__What you will do__.
Start to finish, copy the data exactly.
═══ Task data ═══
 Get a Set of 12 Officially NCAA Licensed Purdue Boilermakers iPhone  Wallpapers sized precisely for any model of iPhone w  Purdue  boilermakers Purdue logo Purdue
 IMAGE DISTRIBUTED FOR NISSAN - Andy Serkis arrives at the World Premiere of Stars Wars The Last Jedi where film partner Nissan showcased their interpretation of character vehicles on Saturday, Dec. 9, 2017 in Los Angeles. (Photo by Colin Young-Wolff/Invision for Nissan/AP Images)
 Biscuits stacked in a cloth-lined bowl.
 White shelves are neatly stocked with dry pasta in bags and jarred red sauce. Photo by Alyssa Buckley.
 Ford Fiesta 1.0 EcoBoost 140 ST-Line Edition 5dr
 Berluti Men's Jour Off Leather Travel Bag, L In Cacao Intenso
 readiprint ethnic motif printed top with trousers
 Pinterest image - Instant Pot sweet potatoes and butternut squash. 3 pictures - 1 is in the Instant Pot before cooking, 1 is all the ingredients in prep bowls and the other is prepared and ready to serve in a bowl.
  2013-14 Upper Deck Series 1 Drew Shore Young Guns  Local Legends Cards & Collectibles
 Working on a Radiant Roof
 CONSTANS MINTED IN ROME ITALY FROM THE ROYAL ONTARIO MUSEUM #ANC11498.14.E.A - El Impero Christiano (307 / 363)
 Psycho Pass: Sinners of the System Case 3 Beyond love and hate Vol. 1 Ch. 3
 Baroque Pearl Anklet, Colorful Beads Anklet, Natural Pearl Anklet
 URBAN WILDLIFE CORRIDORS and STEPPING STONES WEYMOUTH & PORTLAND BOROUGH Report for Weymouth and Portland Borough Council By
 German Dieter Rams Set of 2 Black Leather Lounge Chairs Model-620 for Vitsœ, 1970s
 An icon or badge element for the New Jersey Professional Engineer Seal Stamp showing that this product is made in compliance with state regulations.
═══
__Exercise output__.
 Get a Set of 12 Officially NCAA Licensed Purdue Boilermakers iPhone  Wallpapers sized precisely for any model of iPhone w  Purdue  boilermakers Purdue logo Purdue
 IMAGE DISTRIBUTED FOR NISSAN - Andy Serkis arrives at the World Premiere of Stars Wars The Last Jedi where film partner Nissan showcased their interpretation of character vehicles on Saturday, Dec. 9, 2017 in Los Angeles. (Photo by Colin Young-Wolff/Invision for Nissan/AP Images)
 Biscuits stacked in a cloth-lined bowl.
 White shelves are neatly stocked with dry pasta in bags and jarred red sauce. Photo by Alyssa Buckley.
 Ford Fiesta 1.0 EcoBoost 140 ST-Line Edition 5dr
 Berluti Men's Jour Off Leather Travel Bag, L In Cacao Intenso
 readiprint ethnic motif printed top with trousers
 Pinterest image - Instant Pot sweet potatoes and butternut squash. 3 pictures - 1 is in the Instant Pot before cooking, 1 is all the ingredients in prep bowls and the other is prepared and ready to serve in a bowl.
  2013-14 Upper Deck Series 1 Drew Shore Young Guns  Local Legends Cards & Collectibles
 Working on a Radiant Roof
 CONSTANS MINTED IN ROME ITALY FROM THE ROYAL ONTARIO MUSEUM #ANC11498.14.E.A - El Impero Christiano (307 / 363)
 Psycho Pass: Sinners of the System Case 3 Beyond love and hate Vol. 1 Ch. 3
 Baroque Pearl Anklet, Colorful Beads Anklet, Natural Pearl Anklet
 URBAN WILDLIFE CORRIDORS and STEPPING STONES WEYMOUTH & PORTLAND BOROUGH Report for Weymouth and Portland Borough Council By
 German Dieter Rams Set of 2 Black Leather Lounge Chairs Model-620 for Vitsœ, 1970s
 An icon or badge element for the New Jersey Professional Engineer Seal Stamp showing that this product is made in compliance with state regulations.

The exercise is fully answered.